If there's been one lesson I've learned about the retail environment -- from shopping, from tagging along, from working -- it's that that's a place where The Appearance is all that matters. Reality is irrelevant.
walkitout: (Default)
I think about the Mouse a lot. I still haven't visited the Mouse on this coast, and it looks soooooo delectable, even if we just do MK (which by most accounts isn't as good as the left coast version), which is likely, given the ages and natures of our offspring. Regular readers of my blog probably remember their eyeballs hurting as they skimmed my numerous postings about DVC (and no, I still haven't bought in, but I still am monitoring the resale market). I tend to think of my Mouse obsession as a fairly minor one, which is to say, I grant that it's obsessive, but don't think it's particularly out of hand.
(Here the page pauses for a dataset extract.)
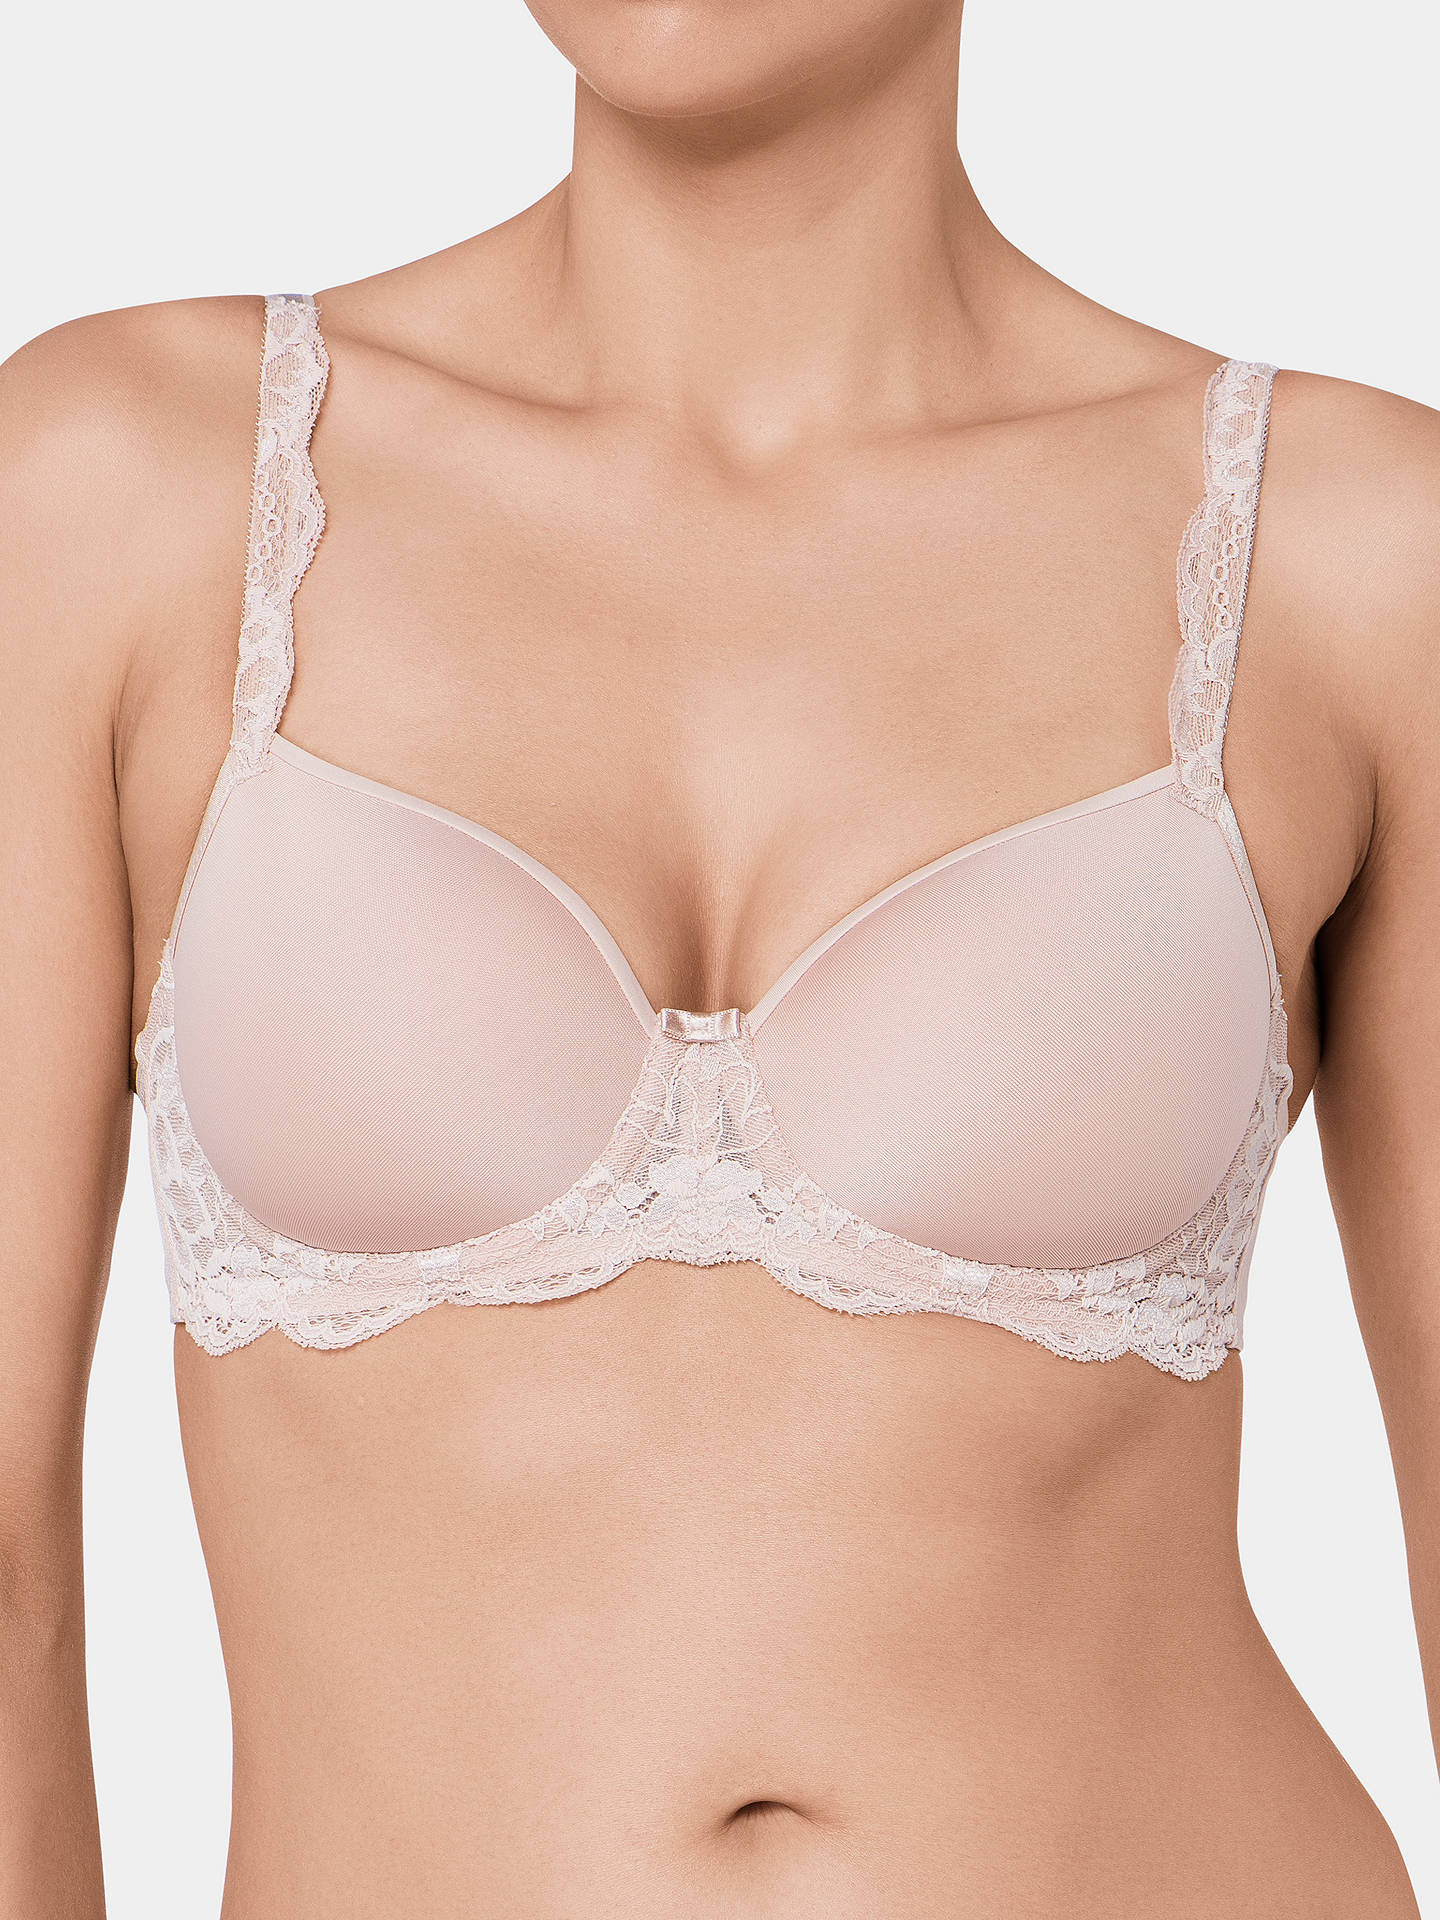 Internal vaginal creampies
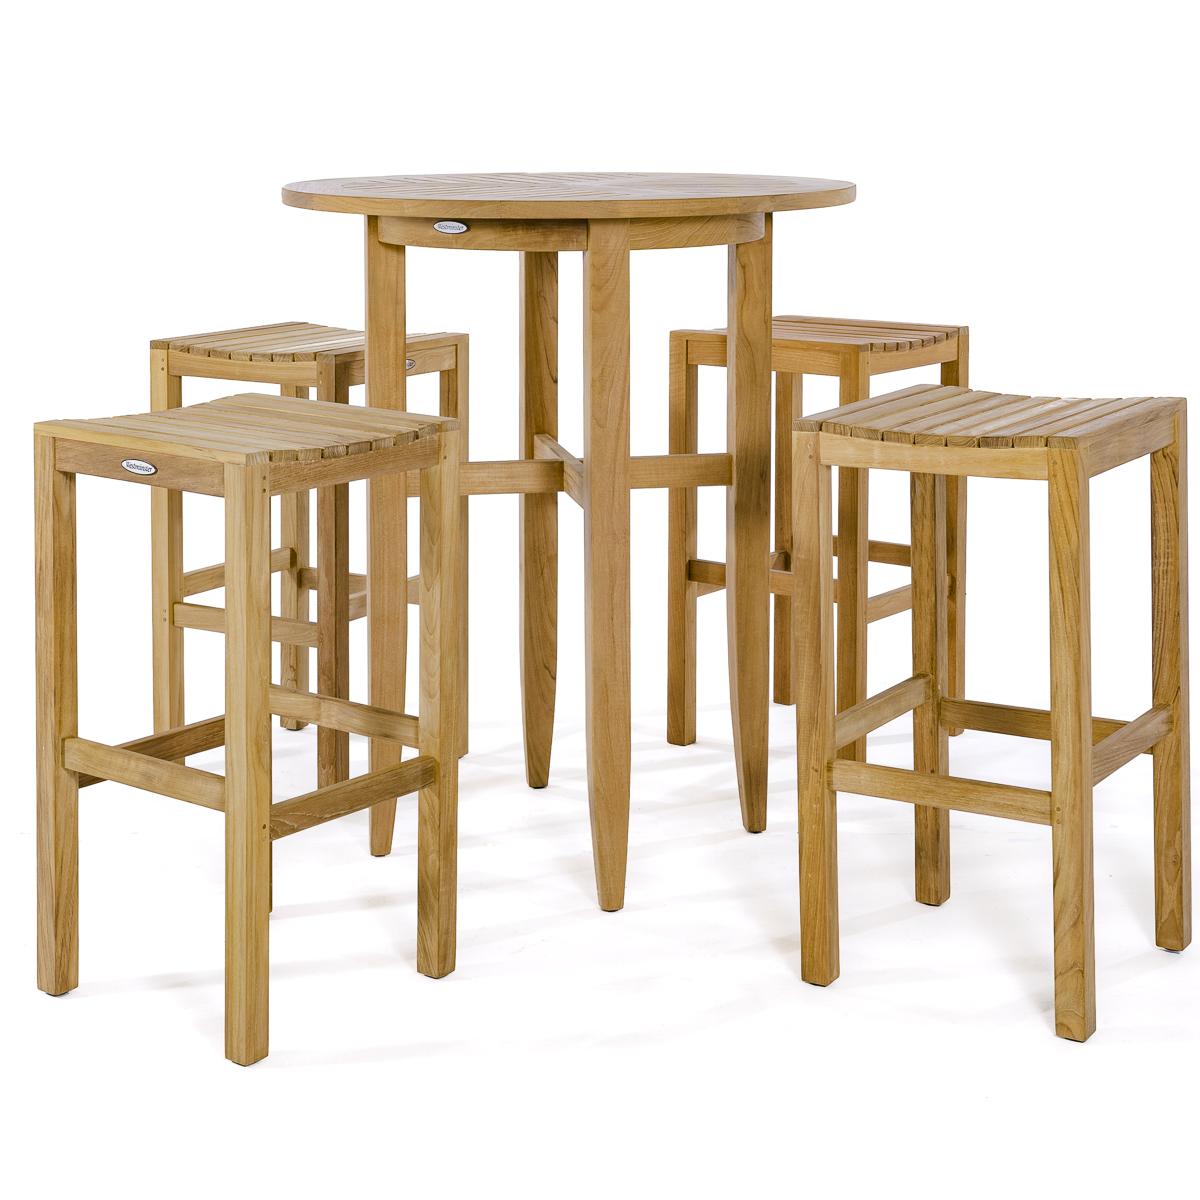 The 5 piece Somerset Laguna Bar Set ...  sc 1 st  Westminster Teak & Teak Backless Bar Stool and Table Set - Westminster Teak Outdoor ...

My sister stopped by with her man and their two young 'uns on their way to visit man's mother in Maine; they'll be back later in the week for the party and a day or so surrounding. This was very exciting. I hadn't met the offspring yet (thus, my children had not met their cousins). I hadn't seen my sister since Christmas of 2004. All very nice, lots of fun. The kids found every single toy in the place (well, nearly) and moved it, but they were in no way destructive. In fact, they were a pair of very sweet kids.

We got (my sister and I) to chatting about a possible trip to see the Mouse. Since she lives in VA (on this coast and closer to Orlando than me), I suggested we might contemplate meeting up down there some time, and said we were planning a February trip and contemplating (if the economy is bad enough to reduce traffic to the Parks enough) a holiday trip. The holiday trip would be to take advantage of the fact R.'s work is closed between Xmas and New Year's. She isn't up for that one, but might think about February, which I take to mean, probably neither, but we'll see. (If you want to join us on either of these, drop me a line.) She then said that she ran across something on a parenting forum about a special pass for autistic kids to help with the waiting-in-lines problem. A quick trip to google (Disneyworld, autism, lines) produced a great section at Allears that I had somehow never paid any attention to. I had previously obsessed over their food allergy information, but had totally missed the autism/developmental blah blah bleeping blah stuff. Wow. Can I say that again? It's something else again when you read a page of advice and can go: thought of all of those, and I _wish_ I'd known _that_ was available. I now have a _great_ reason to go get an adult diagnosis of Asperger's. Geez. And get-letter-from-pediatric-neurologist just got appended to the everlasting to-do list which is my life.

As I pointed out to R., it's all well and good to not think of this as a disability, but if you get too good at thinking of it as not-a-disability, it's easy to forget to go looking for the entirely reasonable accommodations that have been prepared to make your life less obnoxious.